一緒に暮らそう
「あの子はね、田舎を捨てたんだよ。あの子はこの町での思い出を封印したんだ。もう昔のつながりとはなるべく関わりたくないんだよ。今の亭主の手前、結婚前に子どもを産んだことだって言えやしないさ。もう亭主との間に子どももできたみたいだからね」
「薄情だな。新しい家族がいるから紗恵なんかかえりみないんだな」
 叔父が珍しく紗恵に対して同情する発言をした。

「仕方ないさ。
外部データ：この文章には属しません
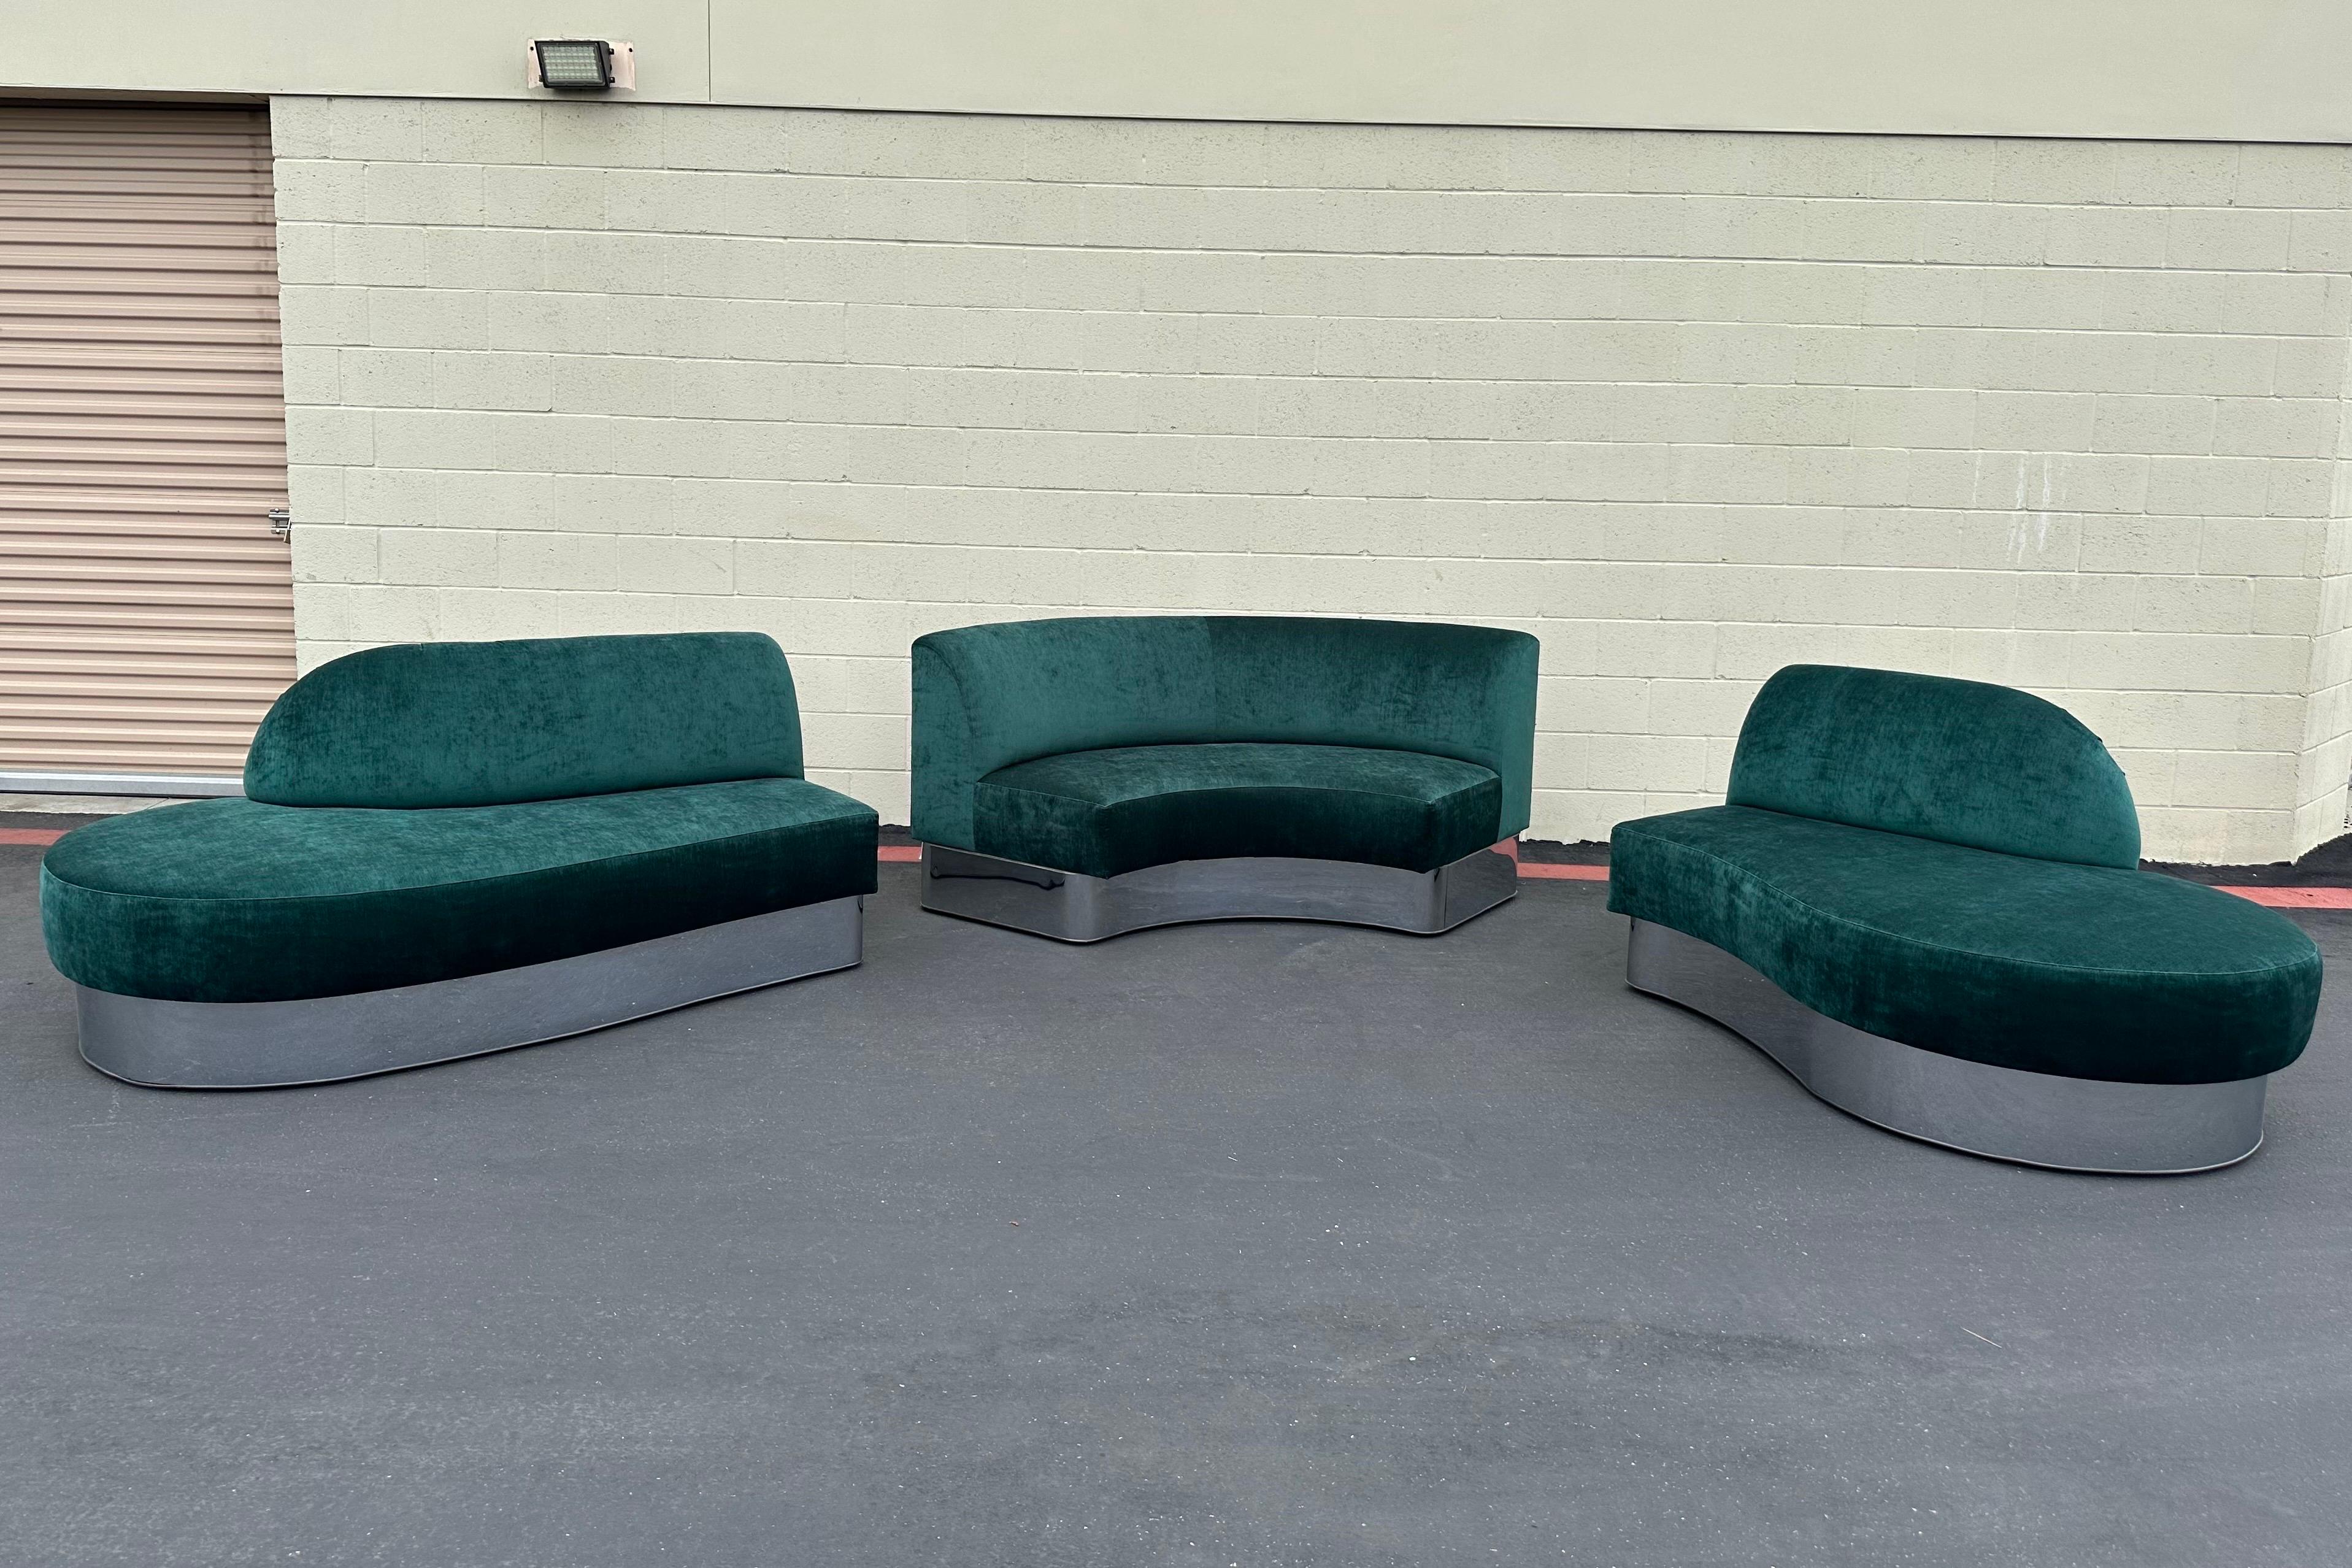 Vintage Milo Baughman Serpentine Three Pieces Sectional Sofa for Thayer Coggin For Sale 3
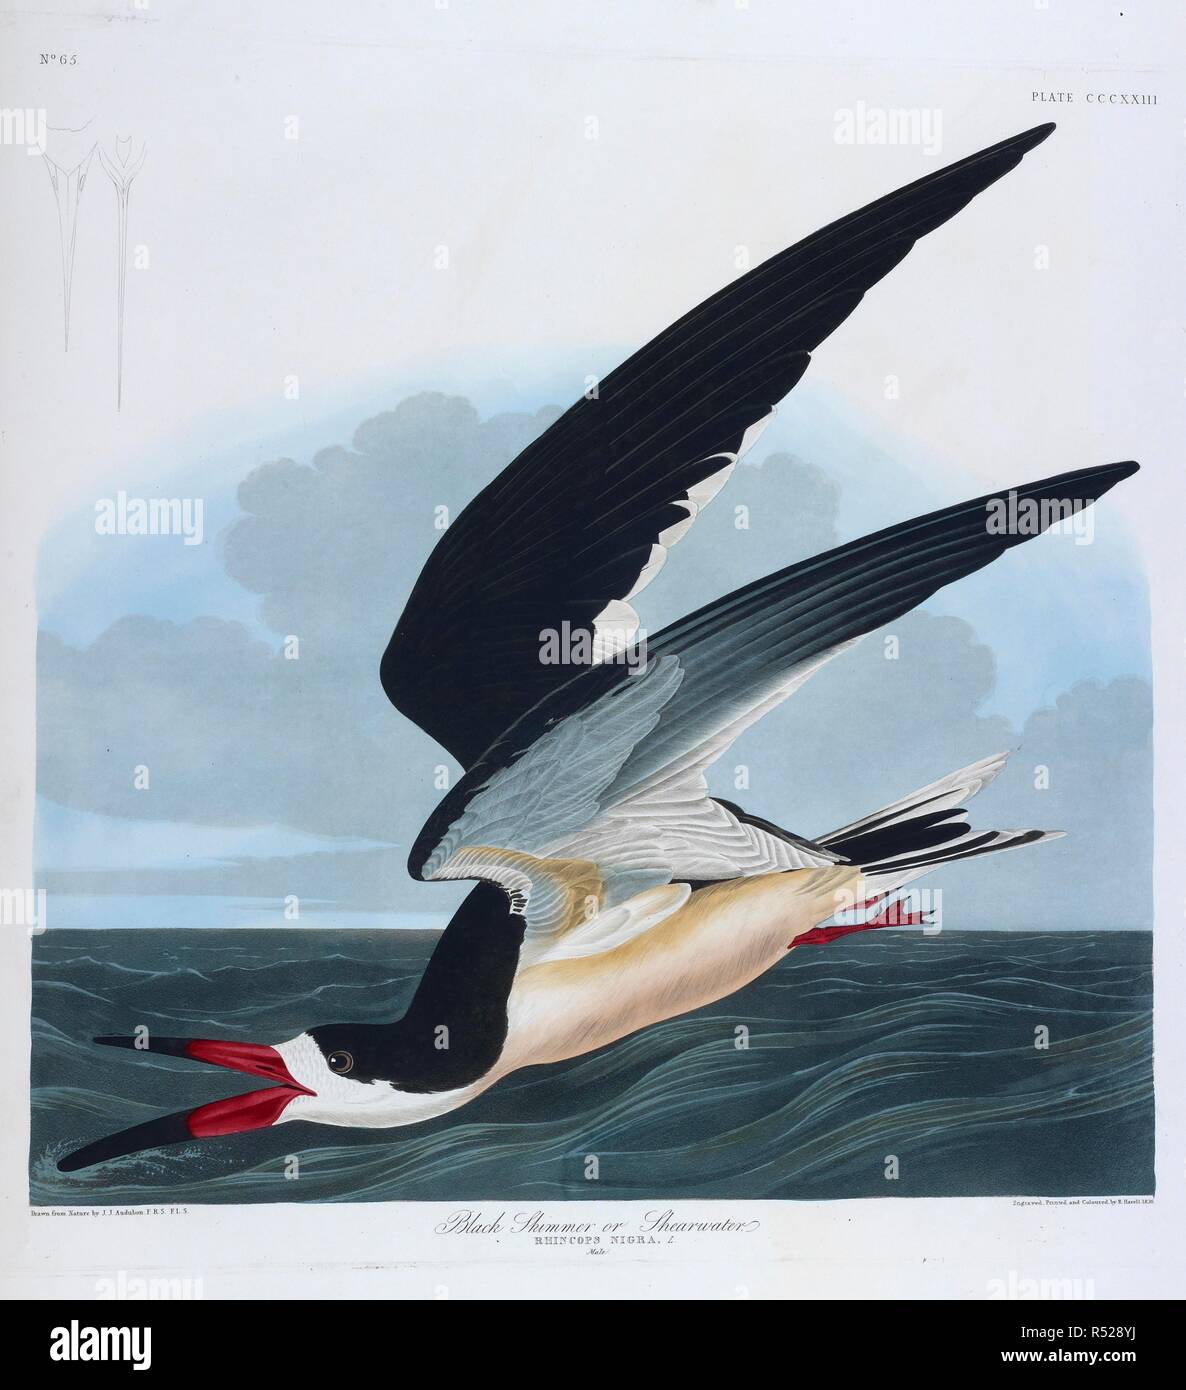 Black skimmer or shearwater. Male. The Birds of America, from original drawings. London, 1827-38. One bird flying over the sea. Colour illustration drawn by Audubon. Source: N.L.TAB.2.(3). plate 232. Language: English. Stock Photo
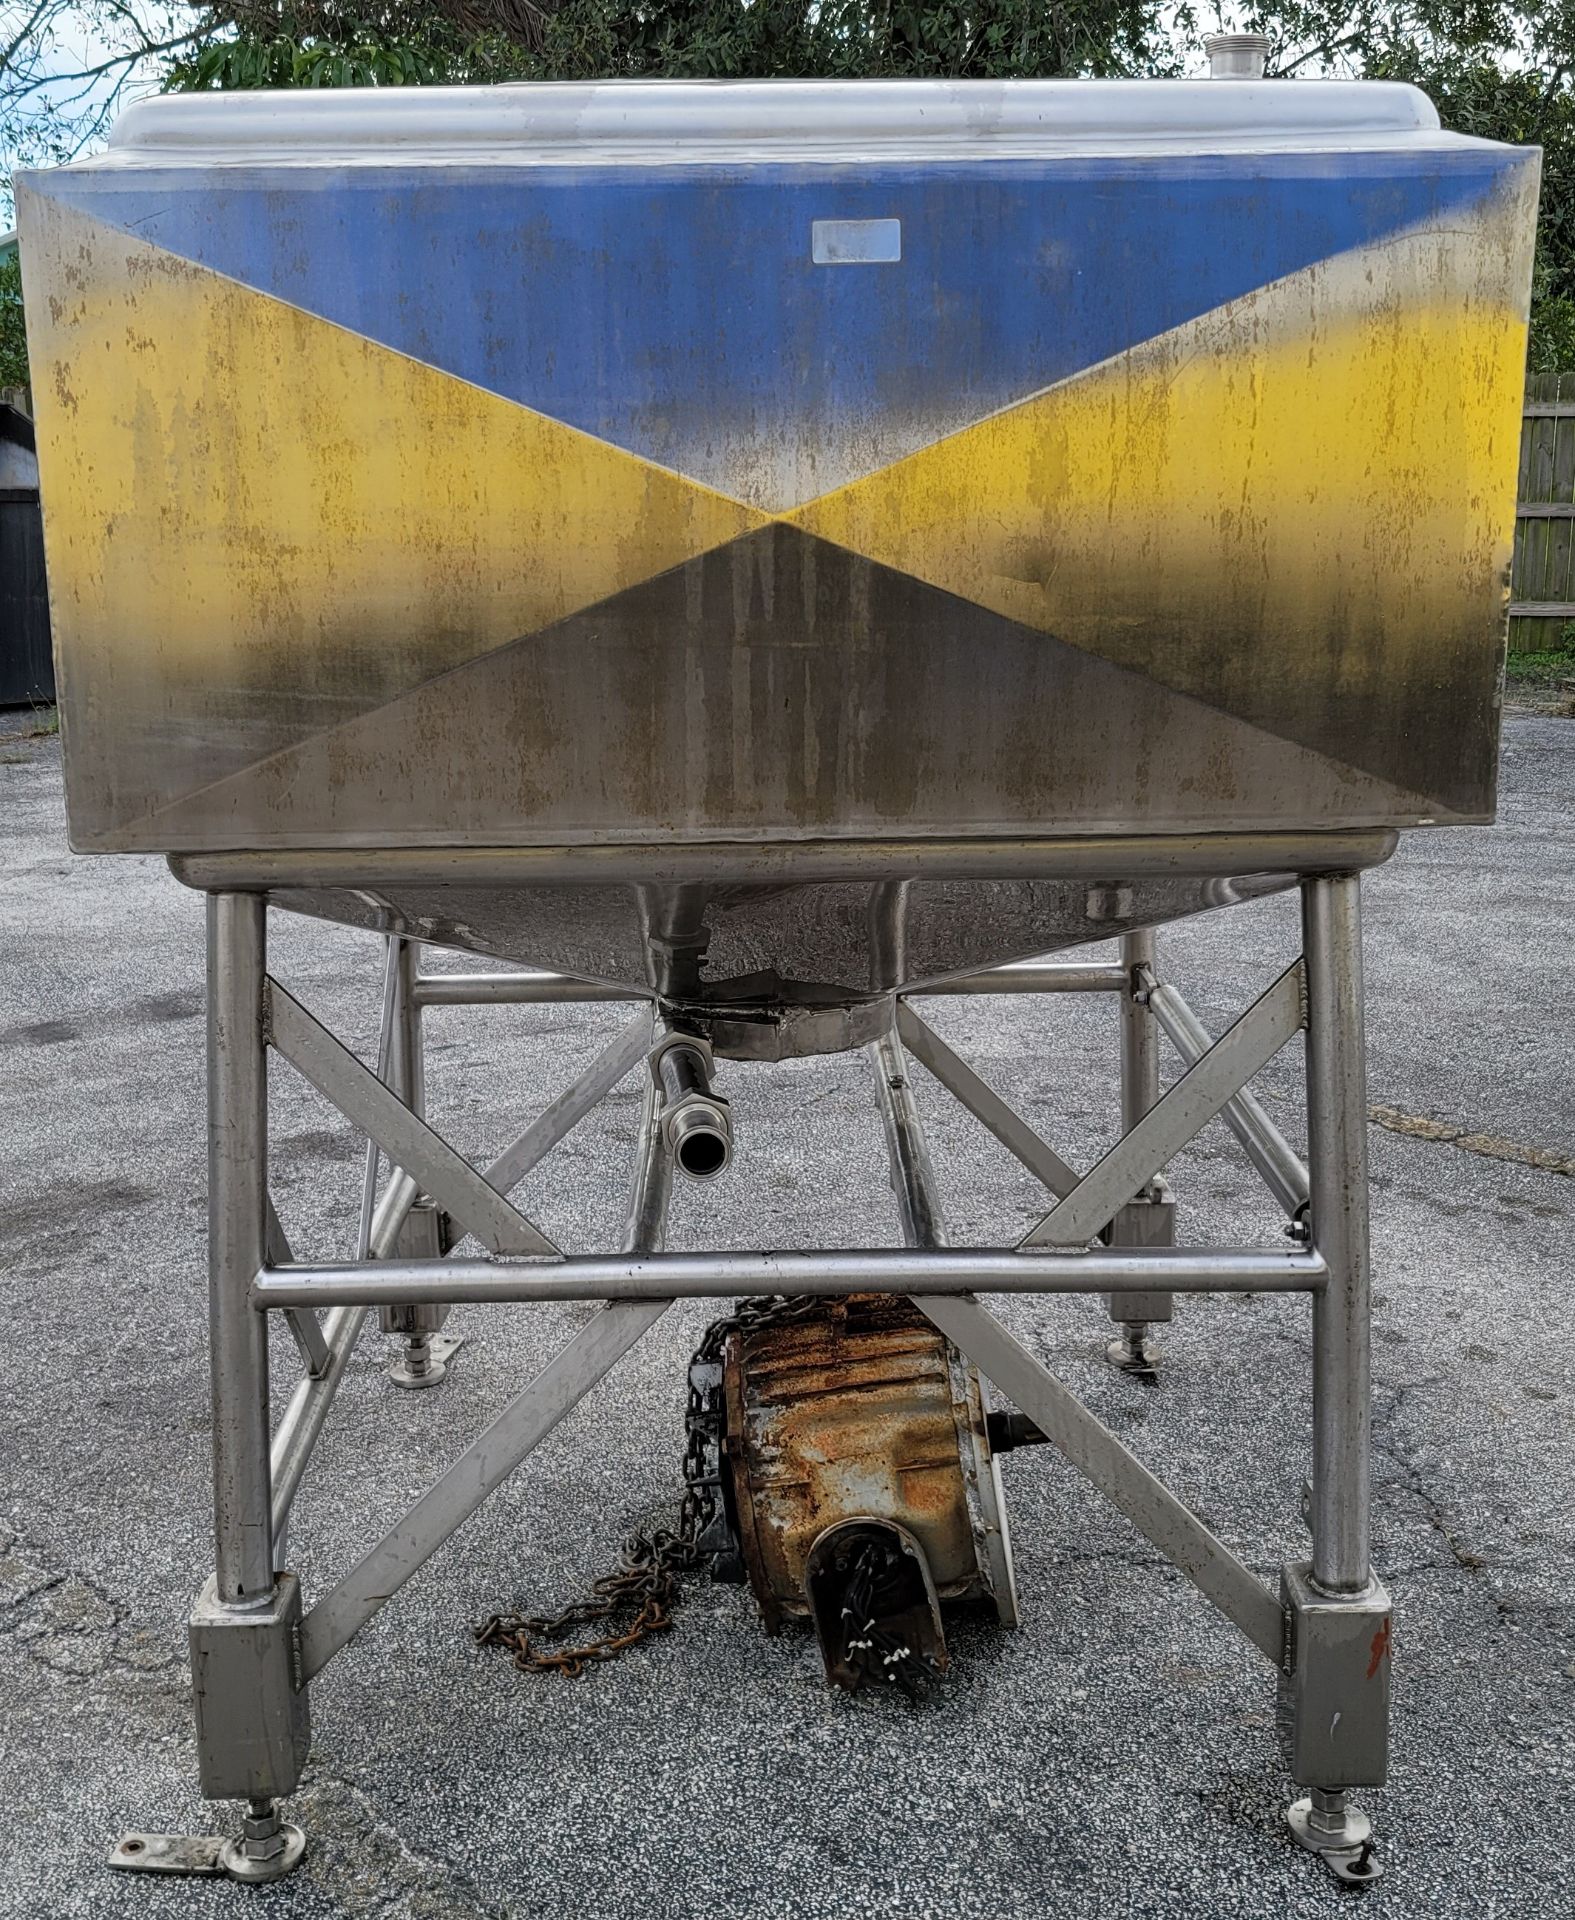 (Located in Belle Glade, FL) BREDDO 250GAL JACKETED LIQUIFIER, SERIAL: 05-591-AD, Rigging/Loading - Image 3 of 6

あの子なりに精いっぱいやってきて、やっとつかめたのが今の生活なんだから」
「ふん、結婚できて良かったな。母さんに後始末をさせていい気なもんだ」
「そんなふうに言うものじゃないと言っているだろう。あれでも、あの子は働いている間はうちに仕送りをしていたんだよ。娘の養育費にってことだった。大した額じゃなかったけど、東京で女一人で暮らしてたんだから、それがやっとやっとだったんだろ」
 祖母の言葉を聞いて、紗恵の胸が高鳴った。
 行方知らずの母親がそんなことをしていたなんて知らなかった。

「紗恵は大きくなってますます律子に似てきたねえ。茶色い目がそっくりだよ」
 親戚のおばさんが言う。
「あの子はあたしたちのことなんか忘れちまったんだろうけど、あたしたちは紗恵を見るたびにいやおうなくあの子のことを思い出すよ。まったくねえ。紗恵は将来どんな娘になるんだろうね」
 おばさんの言葉を聞いても、祖母は何も言わず、麦茶をすすっている。
 そこで大人たちの会話は途切れた。

 そして、紗恵の頭の中に残っている記憶もその場面で終わっていた。